От природы Митя был здоров и силен, разве что немножко увалень. Несколько раз в неделю перед работой он ходил на фитнес и честно, не без удовольствия изнурял себя на хитрых приспособлениях бодибилдинга. Когда на телевизионном канале «Discovery» ему случалось наблюдать тренировки каких-нибудь заморских рейнджеров, его большое сильное тело отзывалось на те движения, которые он видел на экране.
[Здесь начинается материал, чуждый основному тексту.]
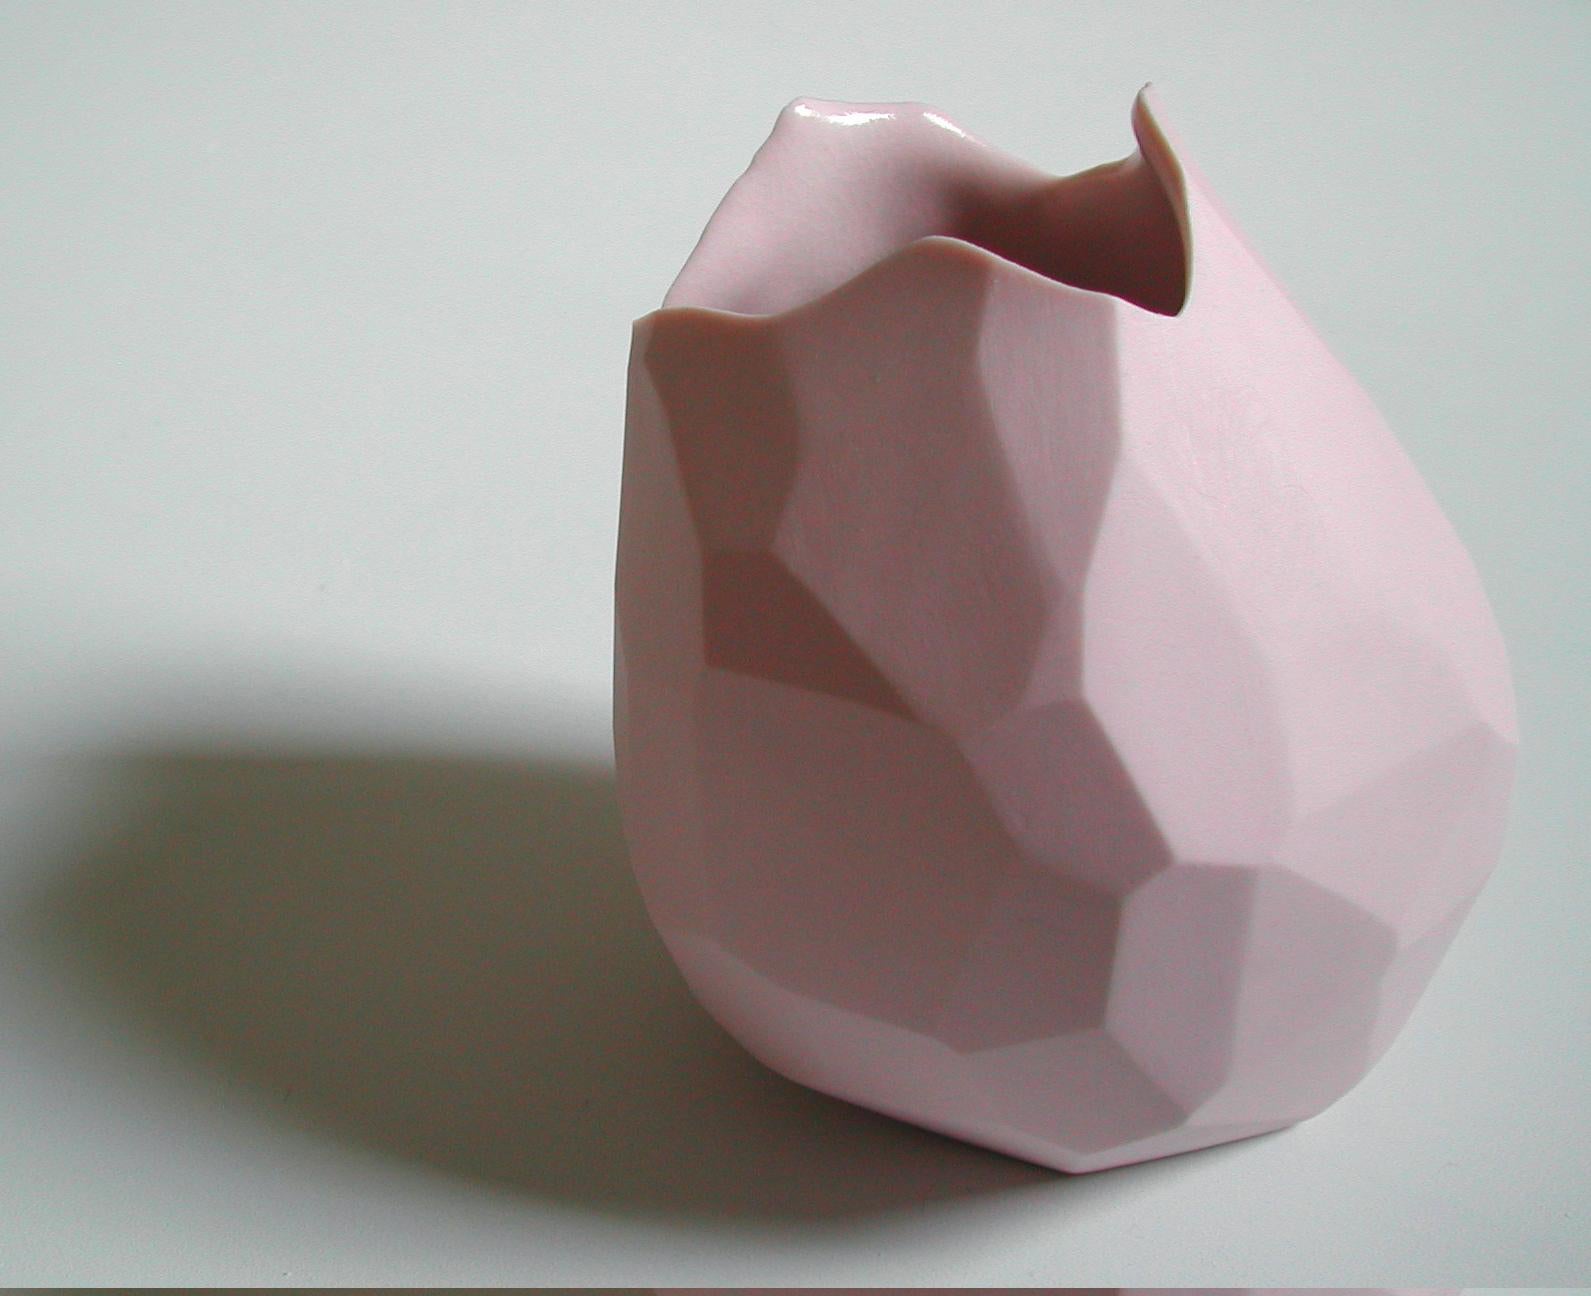 American Facet Vase in Pink Porcelain by David Wiseman, 2010

Тогда он с каким-то даже испугом чувствовал родство с этими туповатыми парнями, ощущал в себе сладостную готовность слушать корявые, но интонационно энергичные слова ставящего задачу старшего с той же серьезностью, с какой он слушал директивы президента компании на совете директоров, но все это было настолько смутно, что на самом деле имело возможность реализоваться лишь в самых крайних условиях, которые-то и вообразить было сложно.

Иногда он испытывал озорное желание выйти из своей шикарной машины, запросто подойти к человеку, вызвавшему почему-либо его неприязнь, и вместо долгих разговоров просто сказать: «Ну ты че, мудила?», после чего сунуть ему в лицо свой тяжелый кулак, и это, принимая в расчет знание им некоторых изящных, позелененных патиной времени римских юридических максим, заставляло его искренне, хотя и мимолетно недоумевать. Иногда он всерьез гадал, что бы из него вышло в этой жизни, если бы не отец-юрист и не право рождения.
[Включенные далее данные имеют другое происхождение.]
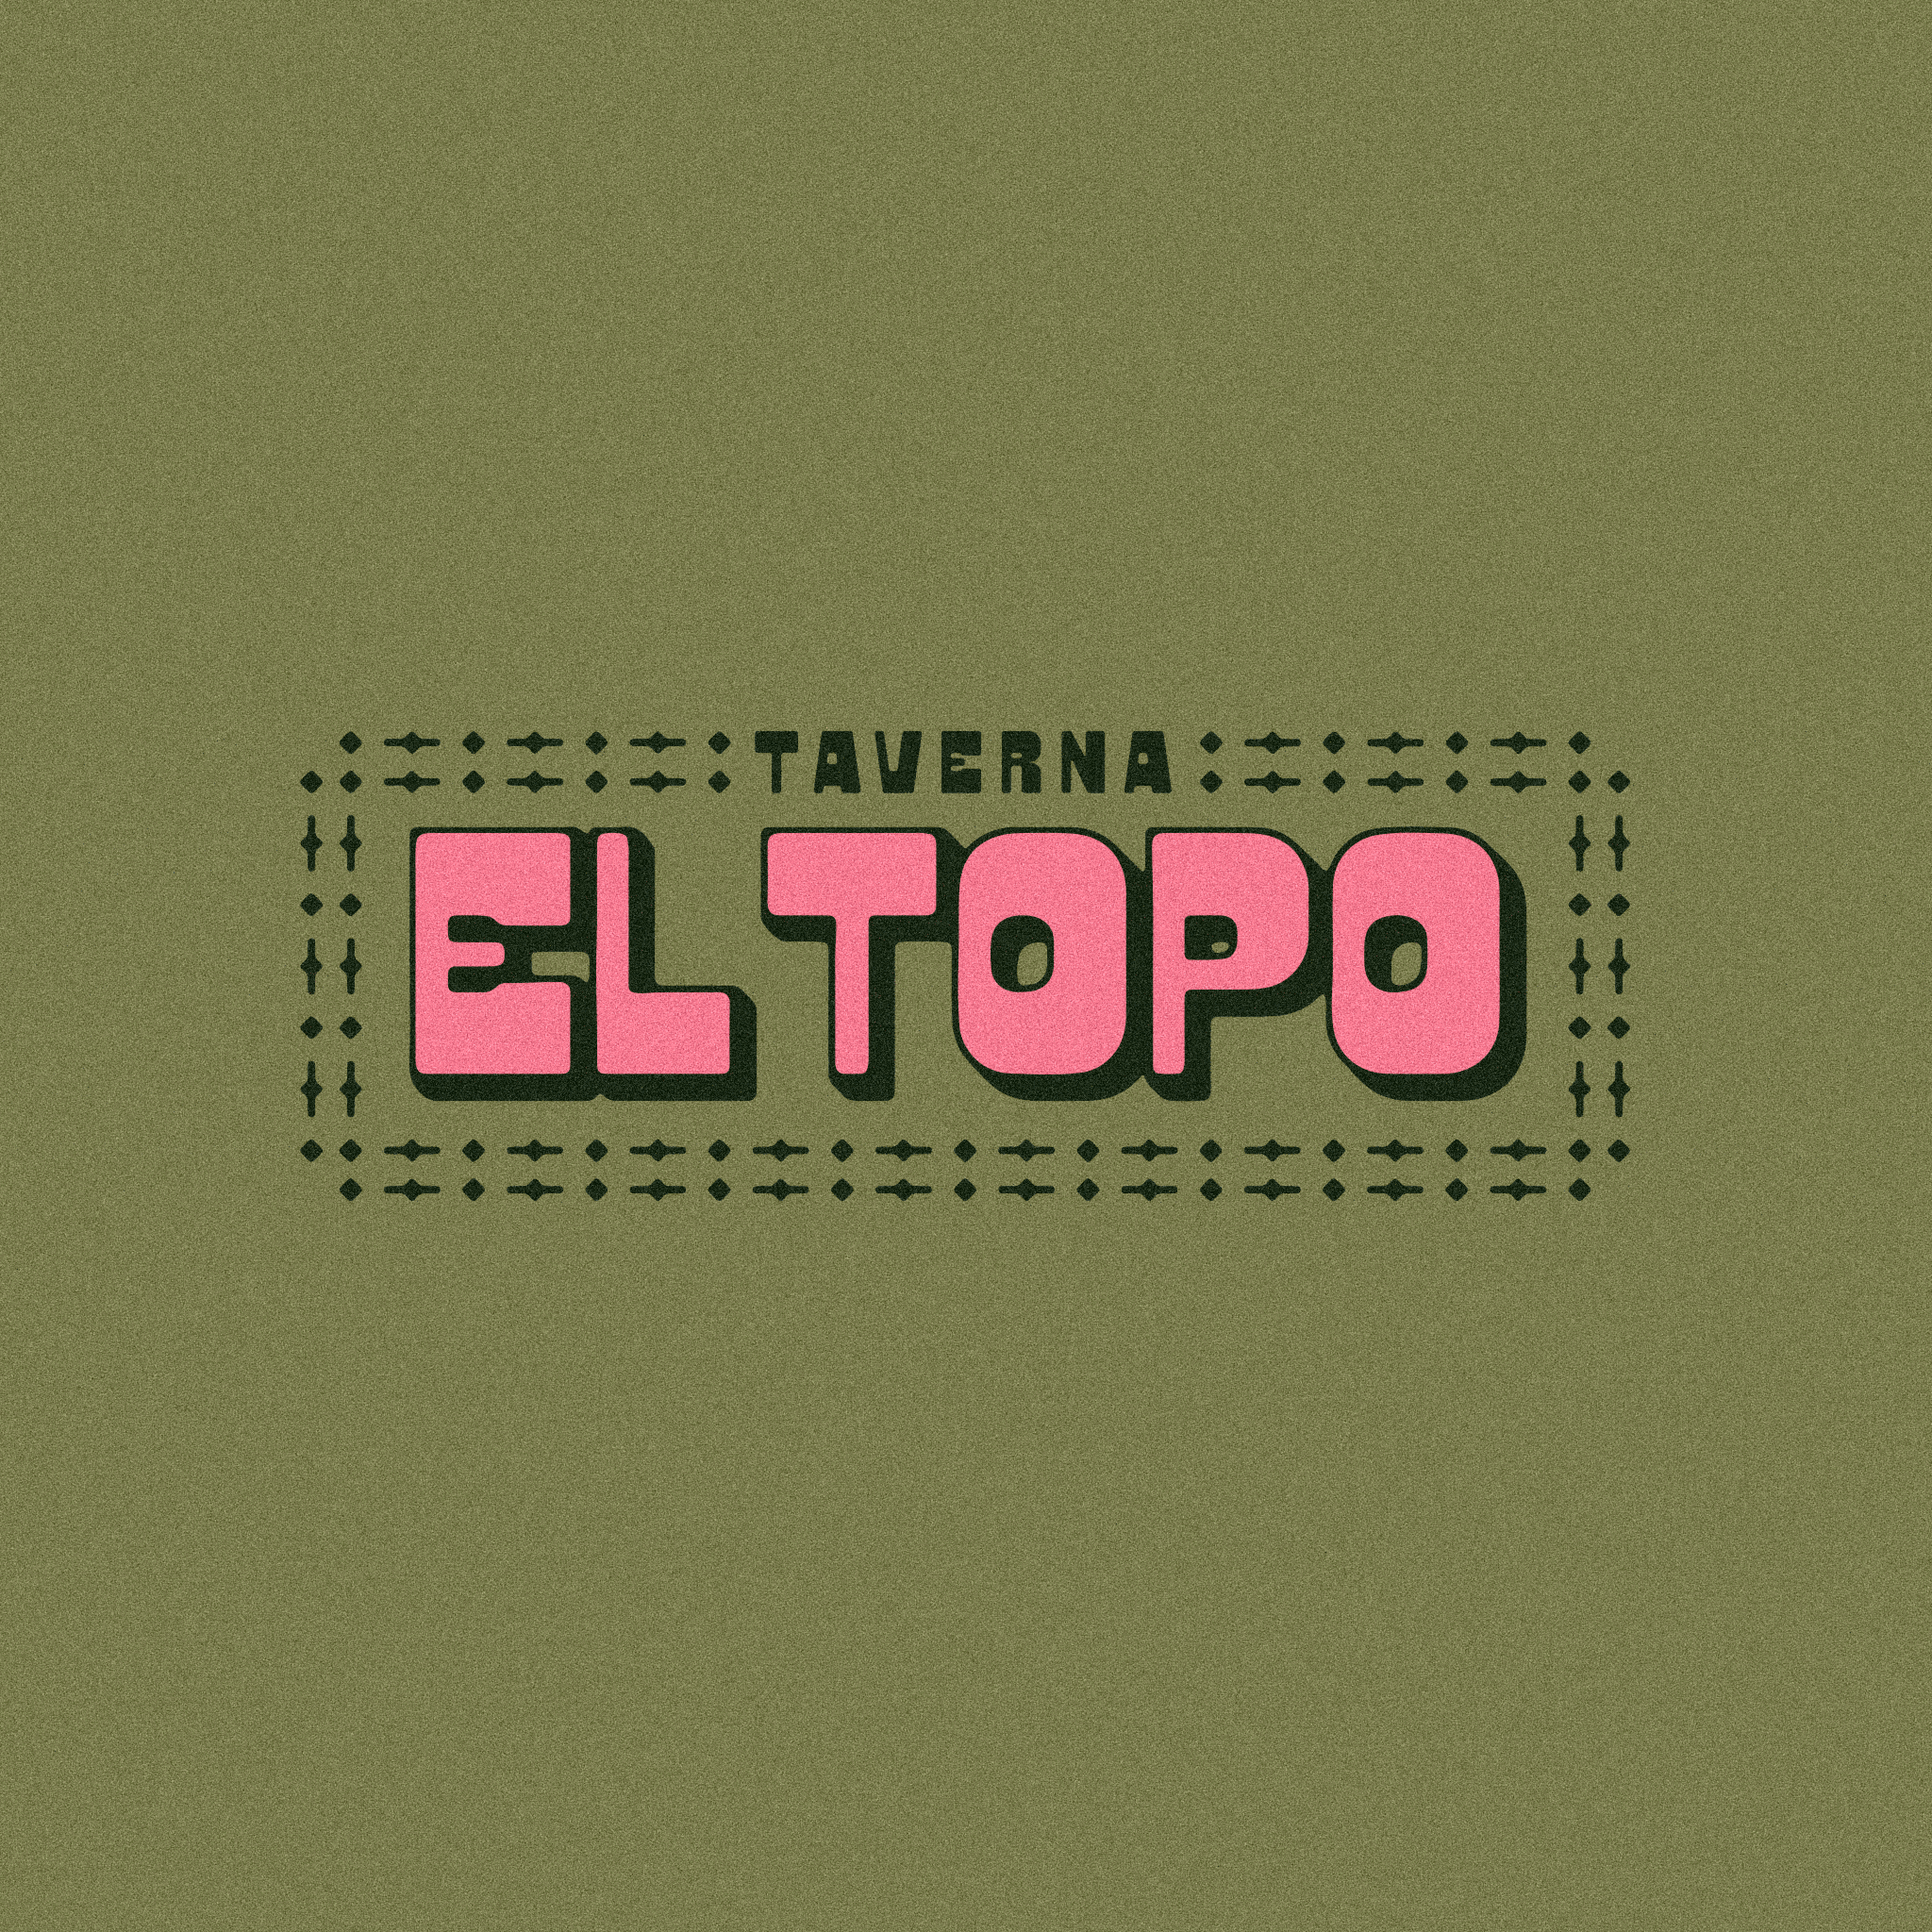 Taverna El Topo — Brand Identity brand identity el topo identity jodorowsky mexico city branding new retro tavern tavern branding

Катя Ренникова трудилась в пиар-отделе крупного медиа-холдинга, молодого и агрессивного, избравшего местом своего жительства комплекс зданий старинного завода, примыкающего к метро «Курская». Прочные, на века построенные корпуса из кровавого дореволюционного кирпича, в гулких утробах которых некогда пели станки, переоборудывались со всем размахом гламурного капитализма, и молчаливые таджики в мешковатых синих комбинезонах, украшенных красными галунами, покорными вереницами таскали в модные внутренности голубые бутыли офисной воды, как будто это крепость готовилась к изнурительной осаде или опять строили пирамиду Хеопса.

В одном из кафе «Винзавода», находящегося в двух шагах от «пирамиды», Кира поджидала Катю, которая уже успела в подробностях живописать ей посещение их дачи Алексеем. И хотя предполагалось, что встреча, помимо обычных девичьих радостей, в большей степени нужна была Кире, Кате на этот раз тоже было чем поделиться и чем удивить. Она явилась легкая, летняя, вся какая-то светящаяся, как бы сошедшая с пестрого полотна города, но Кира, погруженная в свои печали, поначалу не обратила на это особенного внимания.

– Как ты думаешь, – казалось бы, ни с того ни с сего спросила ее Катя, – можно любить двух мужчин?

Говоря это, Катя имела все основания опасаться, что вызвала по крайней мере громы небесные, и была как-то, сама не зная, как именно, готова к их отражению, но то ли Кира была рассеянна в эту минуту, то ли в голосе Кати не услышала она личной заинтересованности, – как бы то ни было, отреагировала она на это с легкостью попсовой мелодии, и Катя поняла, что того разговора, ради которого она пришла, сегодня не получится.





У стола мелькнул официант – заменил пепельницу – молодой, субтильный, но не лишенный все же некой трудно уловимой привлекательности субъект. Кира проводила его долгим взглядом.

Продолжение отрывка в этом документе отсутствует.